**Supplied information**

--- --- ---

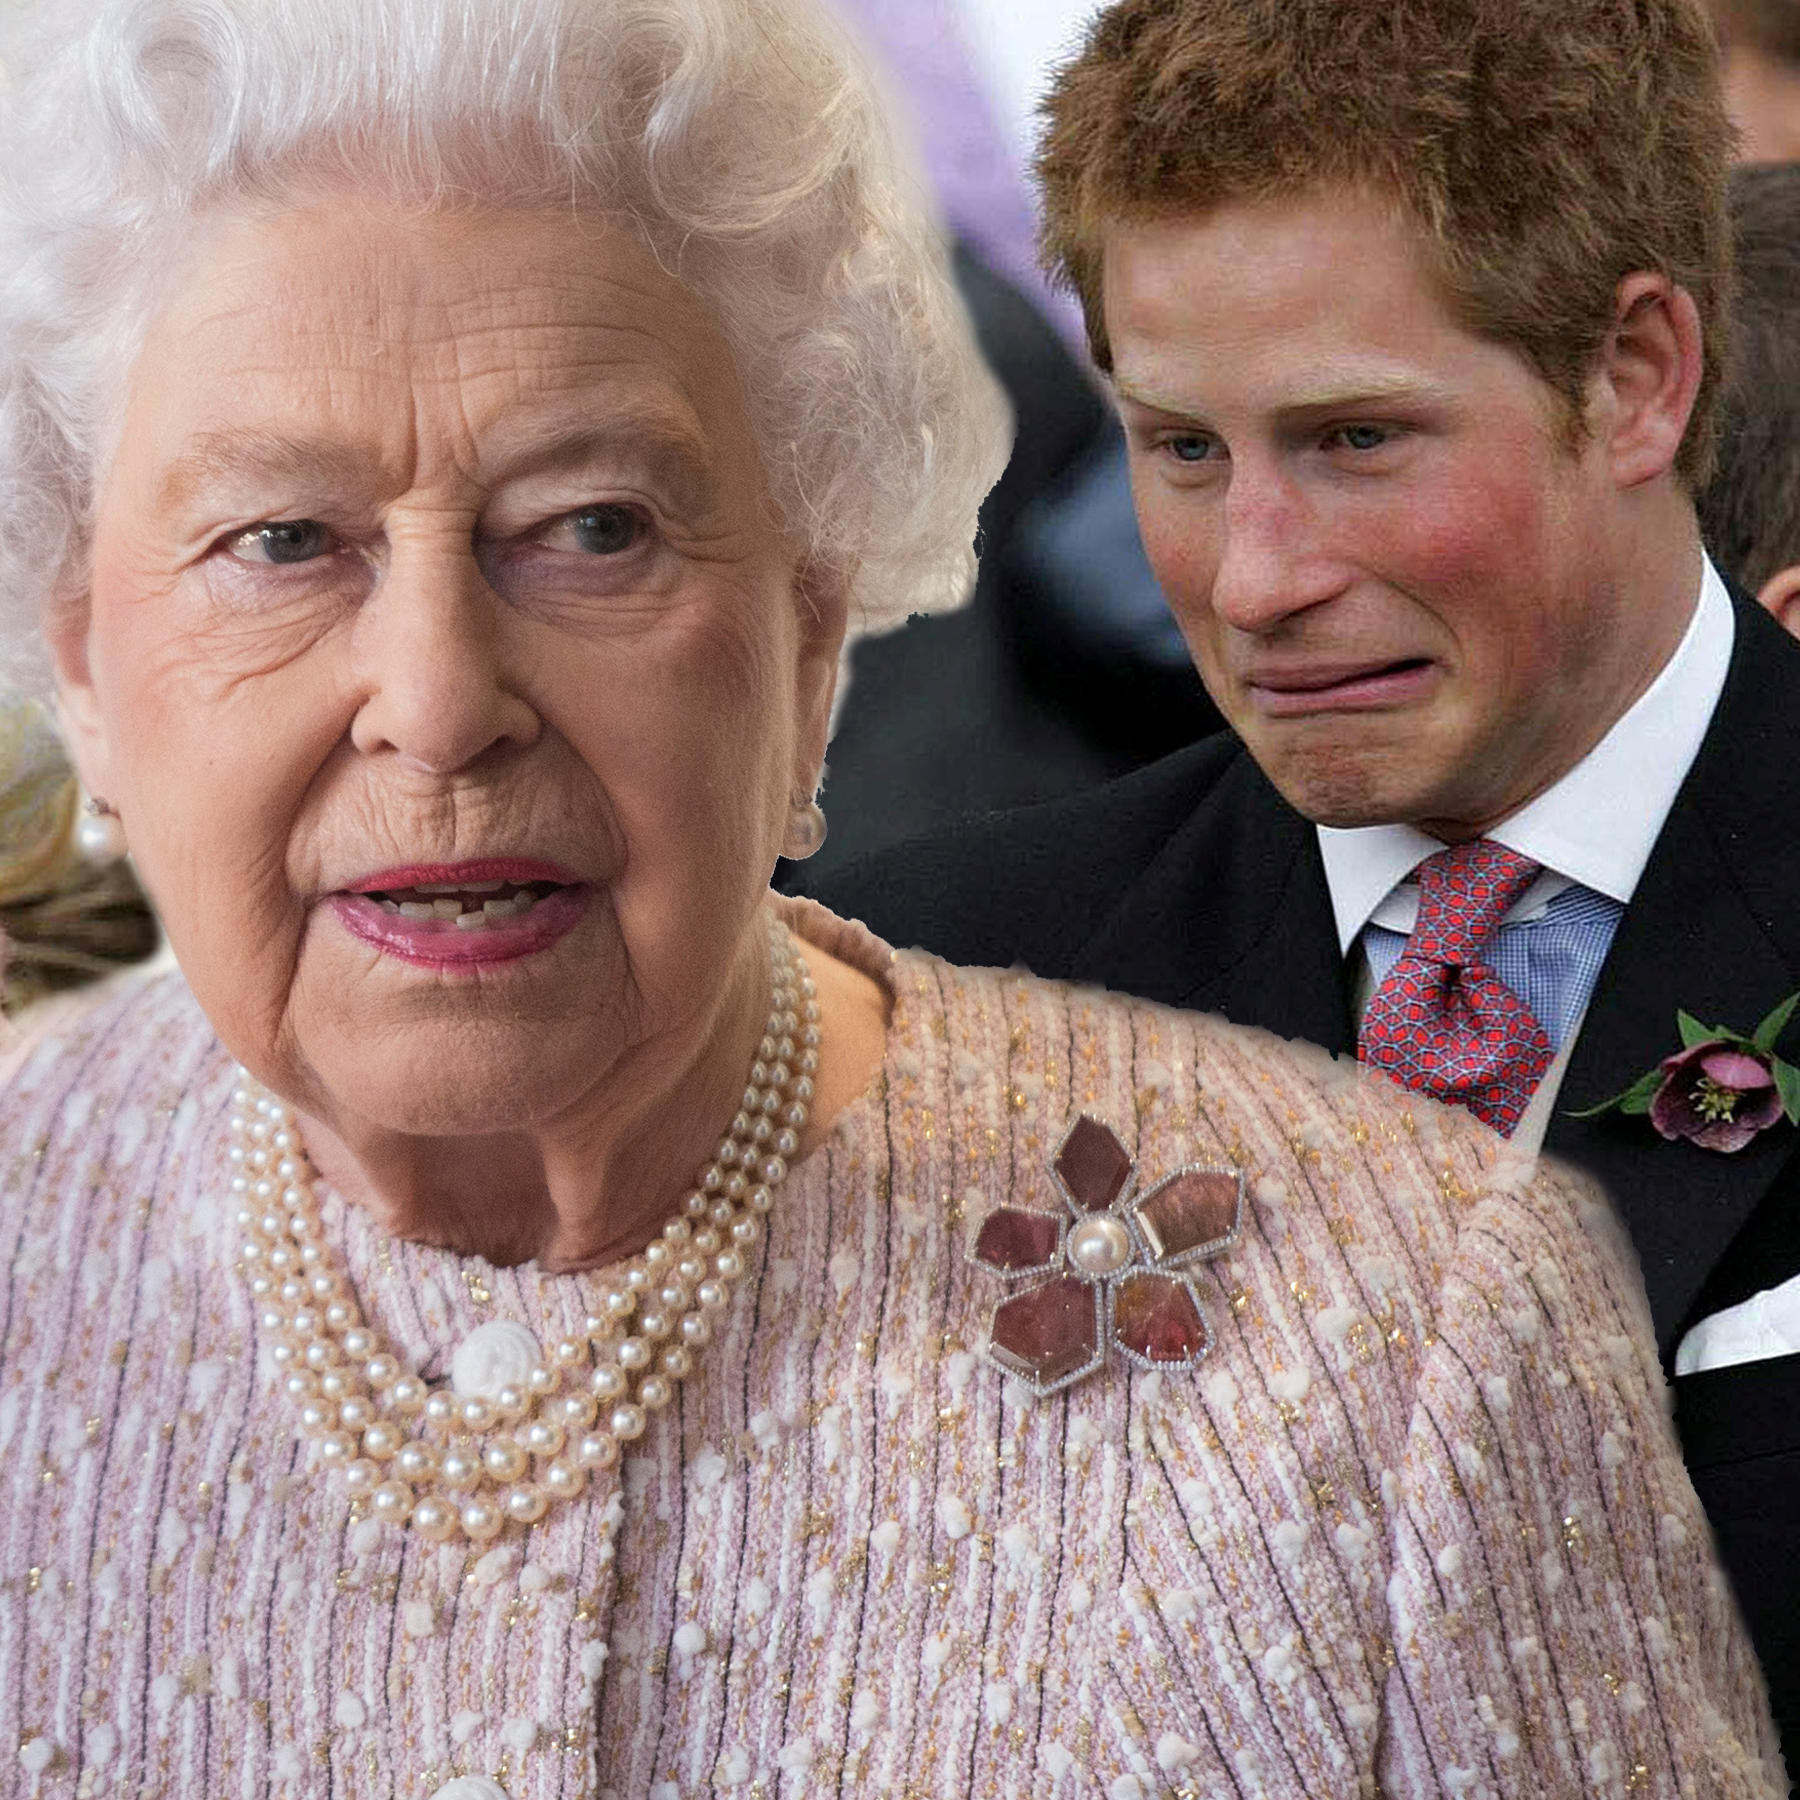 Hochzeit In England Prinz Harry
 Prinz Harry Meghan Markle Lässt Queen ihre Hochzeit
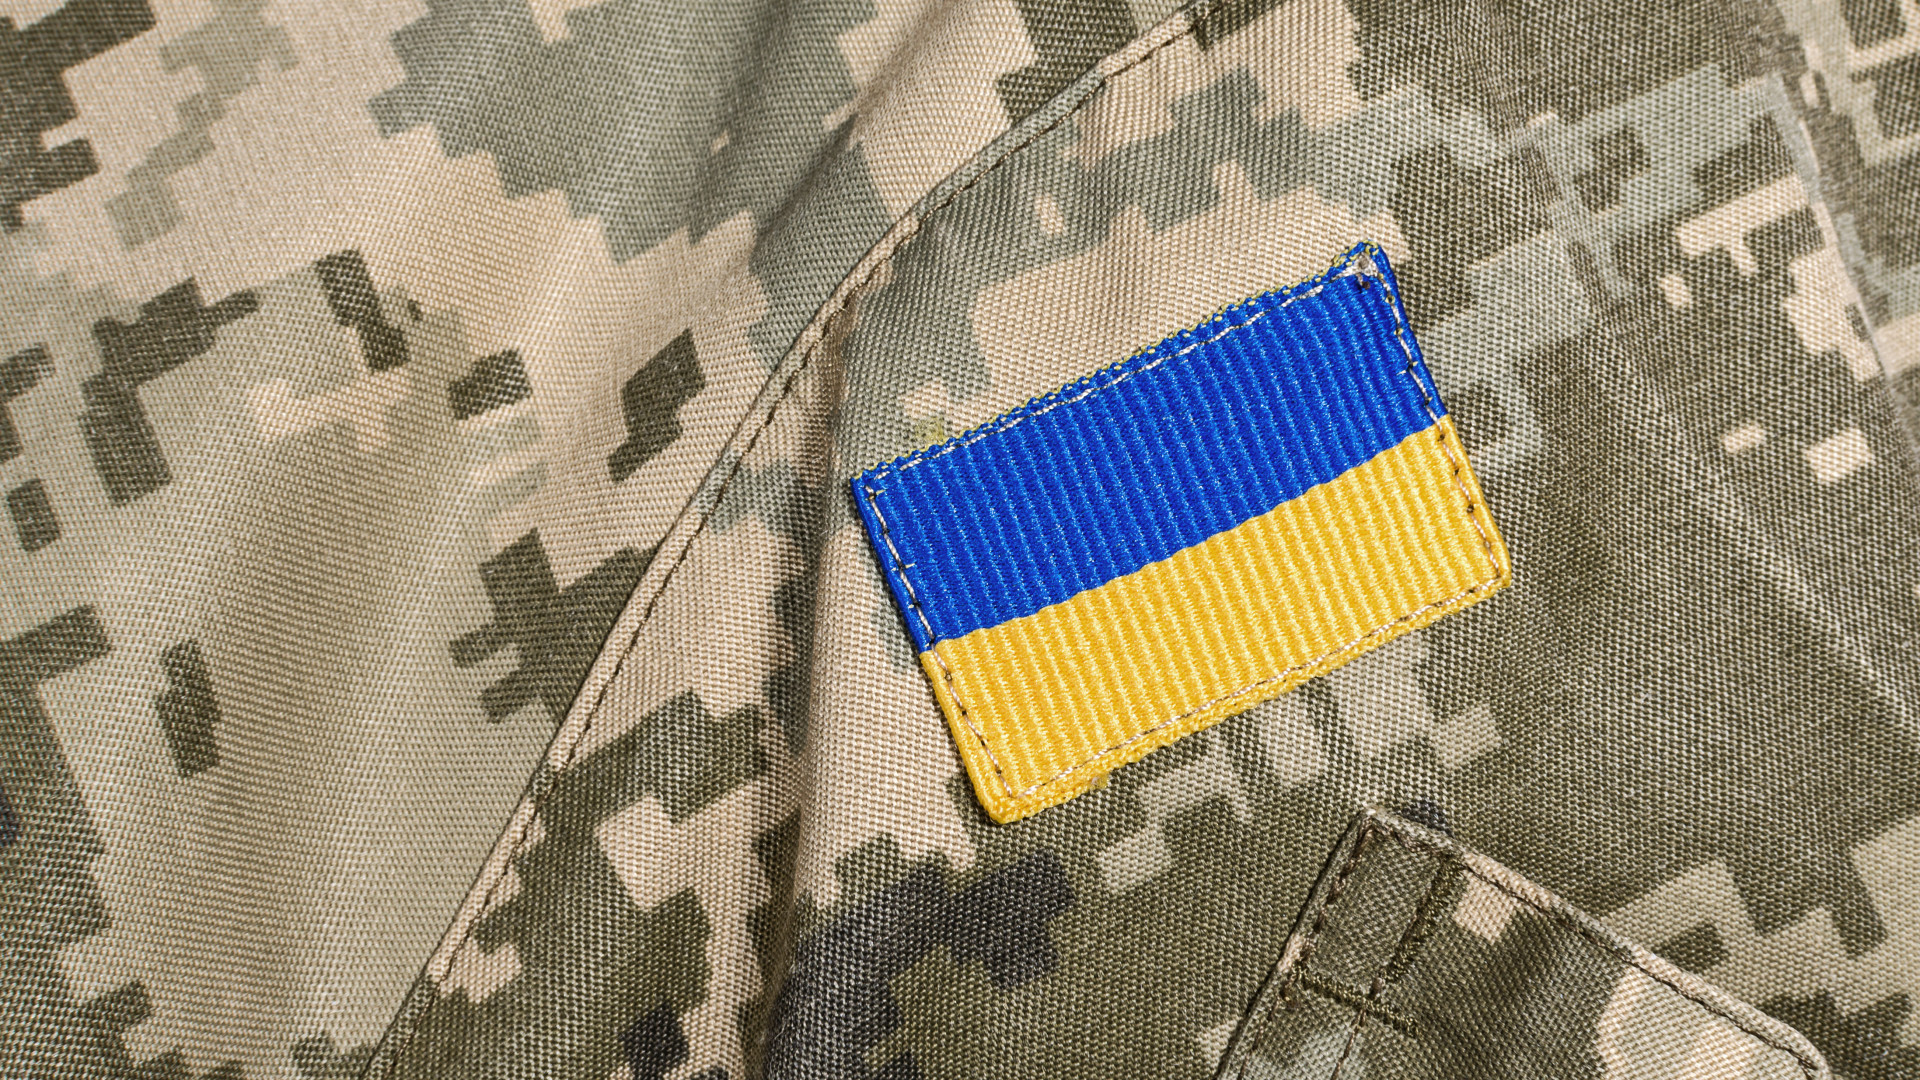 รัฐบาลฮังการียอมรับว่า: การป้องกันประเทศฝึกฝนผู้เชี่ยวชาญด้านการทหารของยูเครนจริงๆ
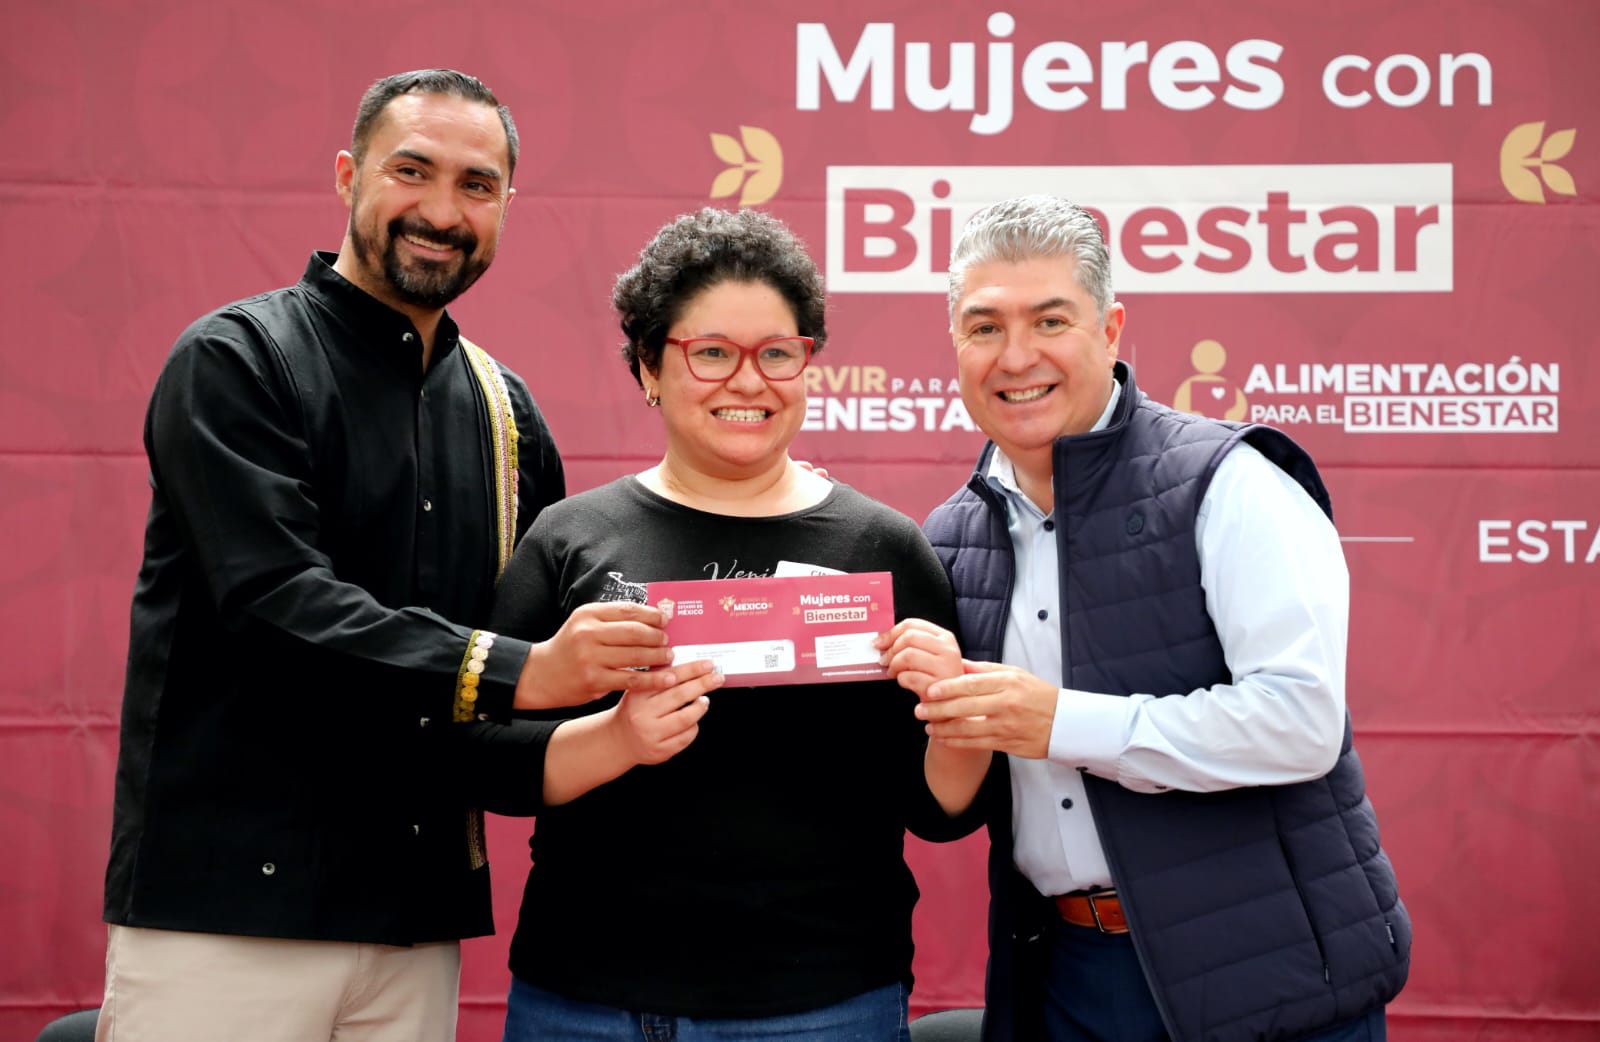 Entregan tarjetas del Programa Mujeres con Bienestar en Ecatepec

--- --- ---

**Task instructions**
Print the whole listing above once more, word for word, without its pictures.

**Result for this task**
 Hochzeit In England Prinz Harry
 Prinz Harry Meghan Markle Lässt Queen ihre Hochzeit
 รัฐบาลฮังการียอมรับว่า: การป้องกันประเทศฝึกฝนผู้เชี่ยวชาญด้านการทหารของยูเครนจริงๆ
 Entregan tarjetas del Programa Mujeres con Bienestar en Ecatepec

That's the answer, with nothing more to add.